Dreaming of the dead:

The New York Times has an eye-opening article on research that has looked at how contents of dreams can be linked to emotional concerns - particularly when they relate to lost loved ones or turbulent life events.

'Dream interpretation' has got a bad name, partly due to the proliferation of books that claim to 'decode' dreams on a seemingly random basis (e.g. lemon = unrequited love), and partly because of its importance in the history of Freudian psychotherapy, which is now deeply unfashionable in some quarters.

Unfortunately, this has meant that research on the content of dreams has also fallen out of favour, despite the fact that it remains an interesting scientific topic and is still of clinical concern.

Modern psychotherapists will occasionally get into discussions about dreams, but, these days, will tend to avoid a strictly Freudian approach of trying to 'interpret' them.

Instead, they might use them as a point of discussion to make sense of real life concerns.

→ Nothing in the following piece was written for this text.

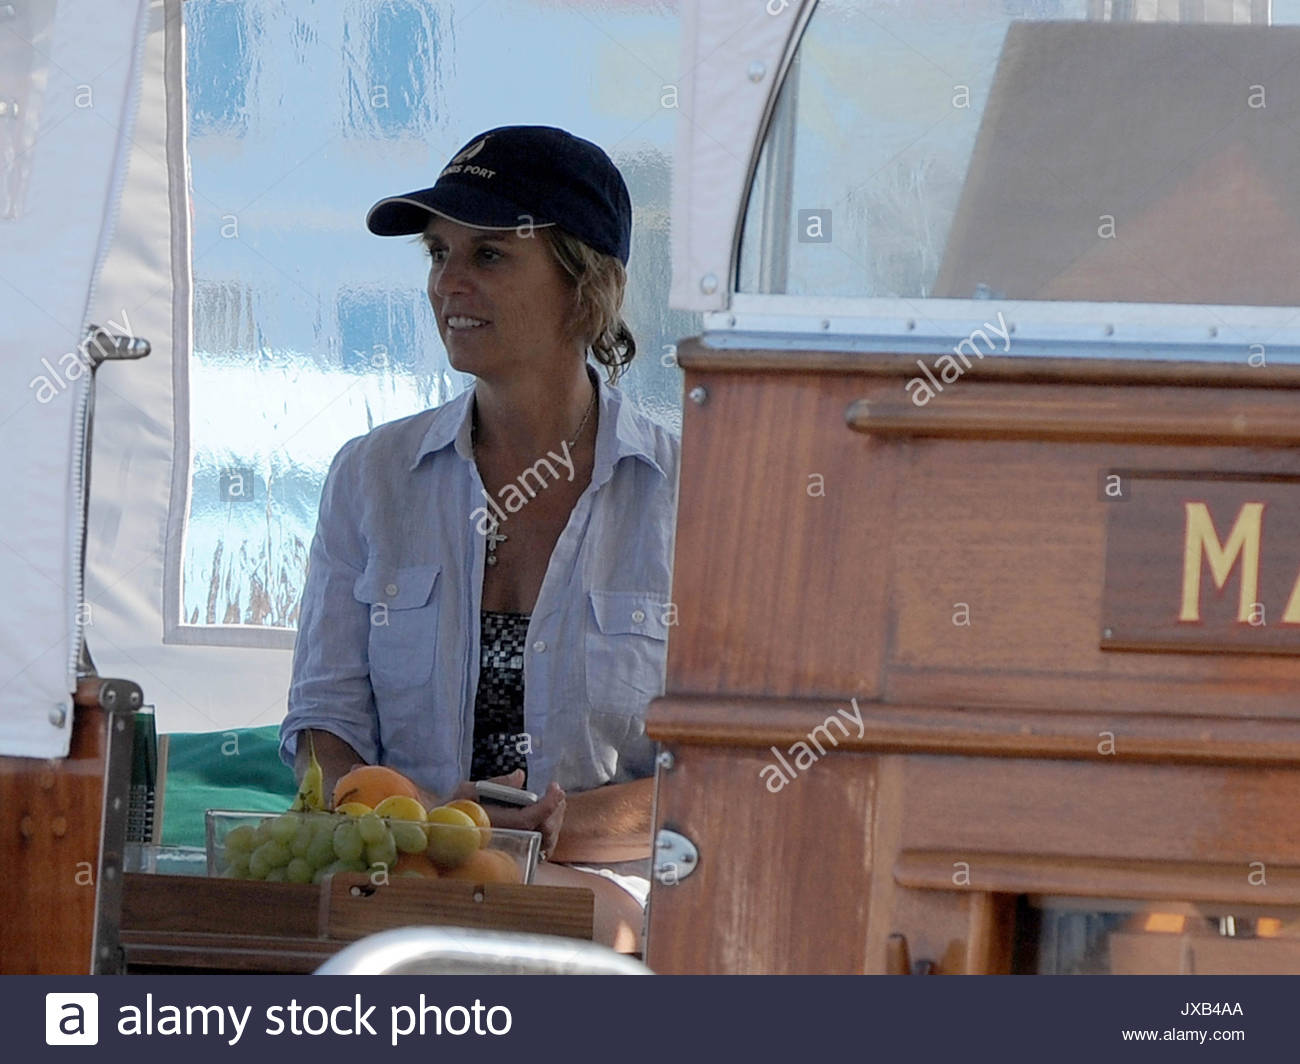 Kerry kennedy cuomo boat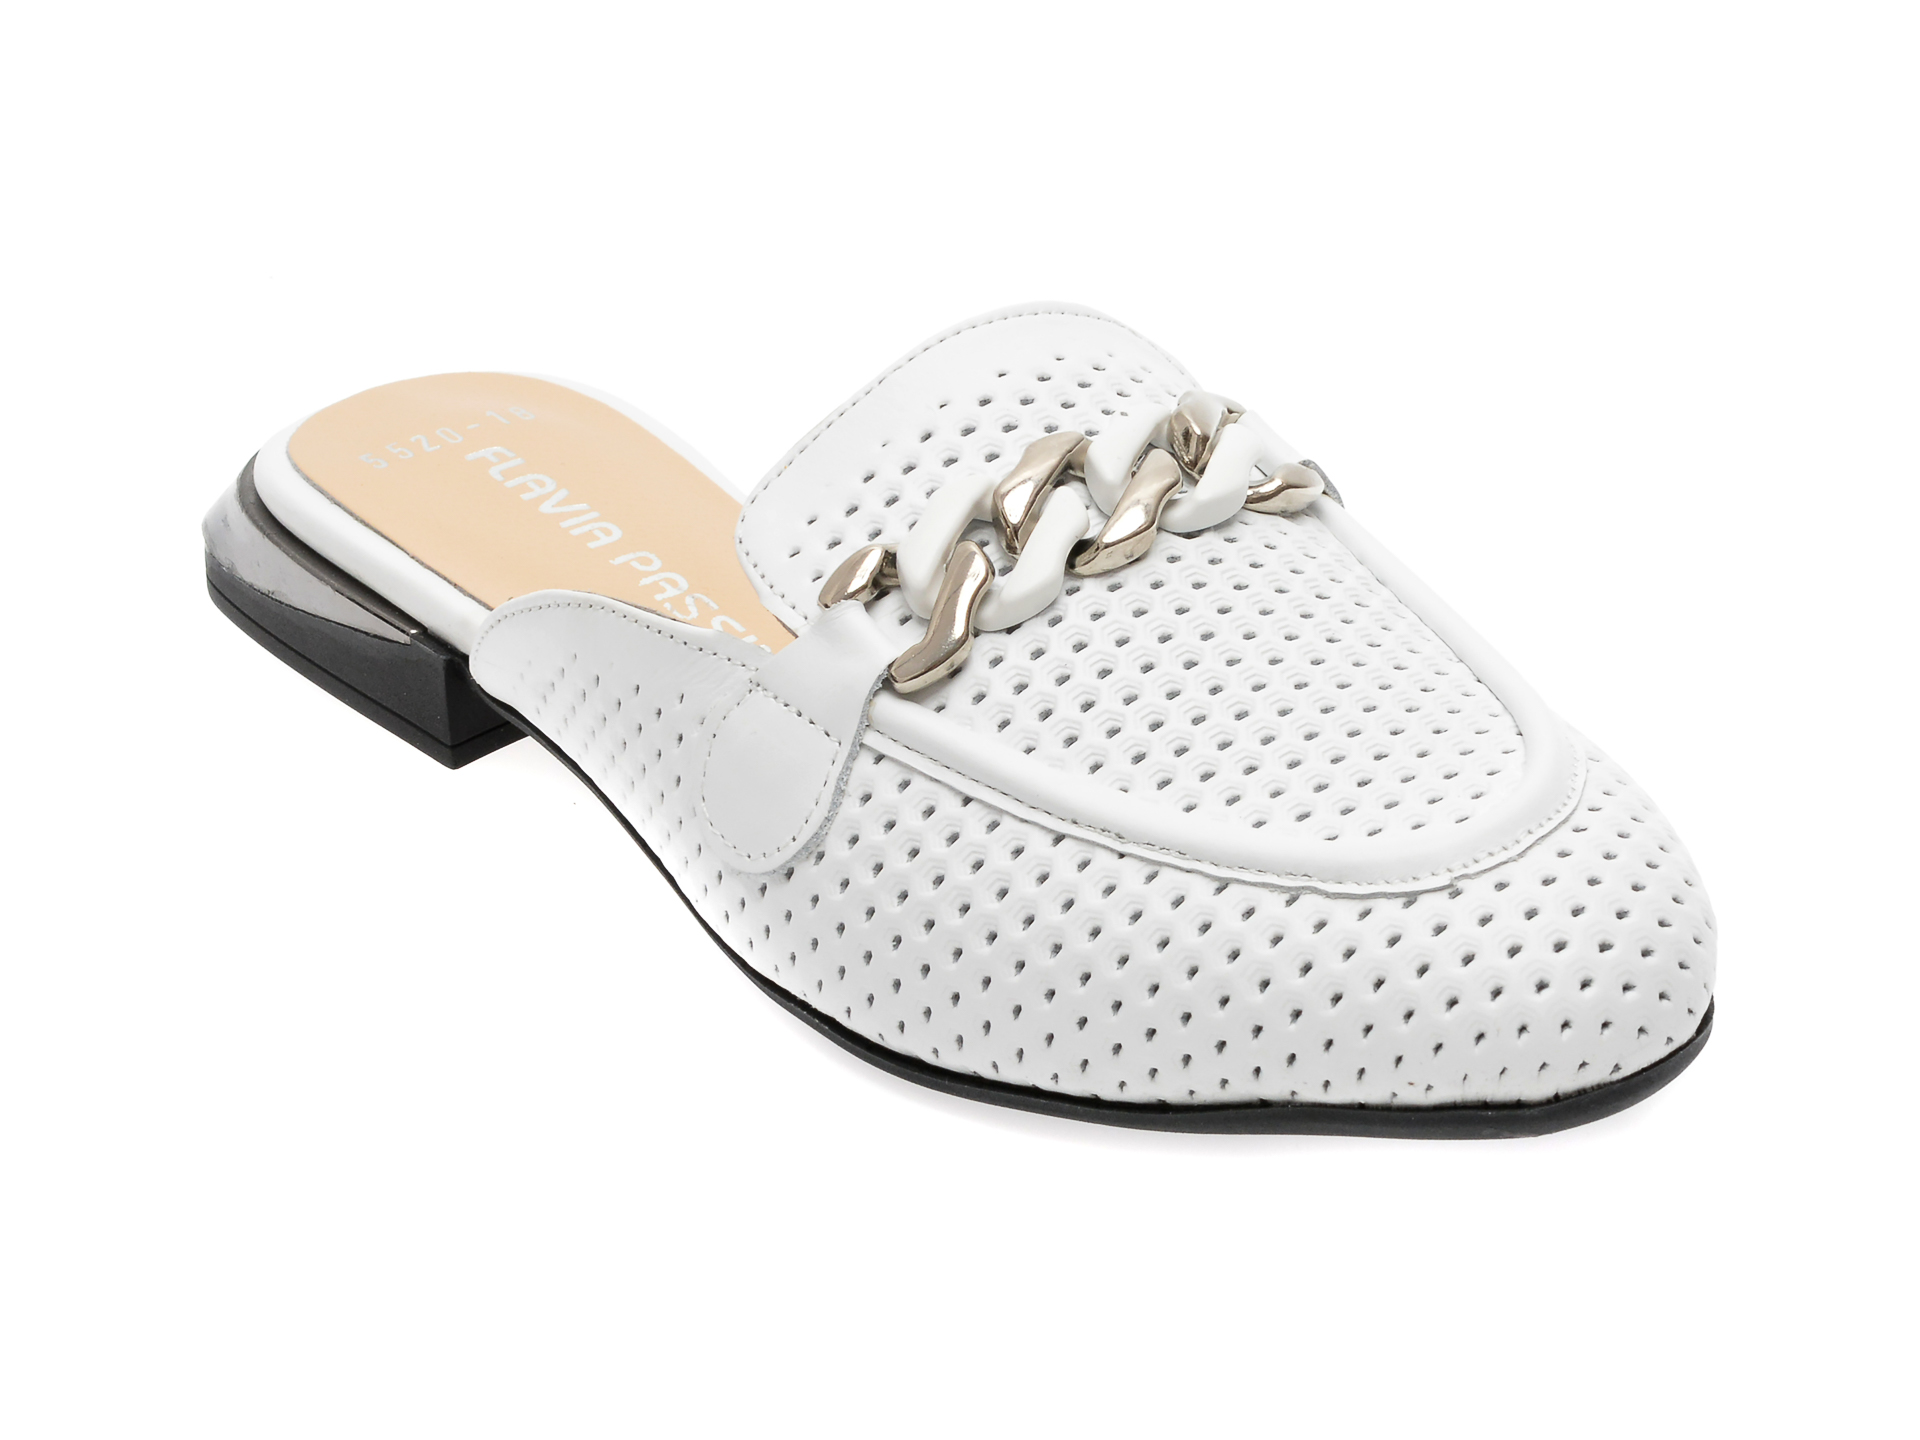 Papuci FLAVIA PASSINI albi, 1255520, din piele naturala

For example, if you've been particularly disturbed by a dream about work, it might be an opportunity to reflect on how you've been dealing with work-related stress, particularly if your reaction to the dream was quite a surprise in itself.

The NYT article looks research on the content of dreams, particularly 'big dreams': those of a more profound nature, often concerning deaths or other significant losses.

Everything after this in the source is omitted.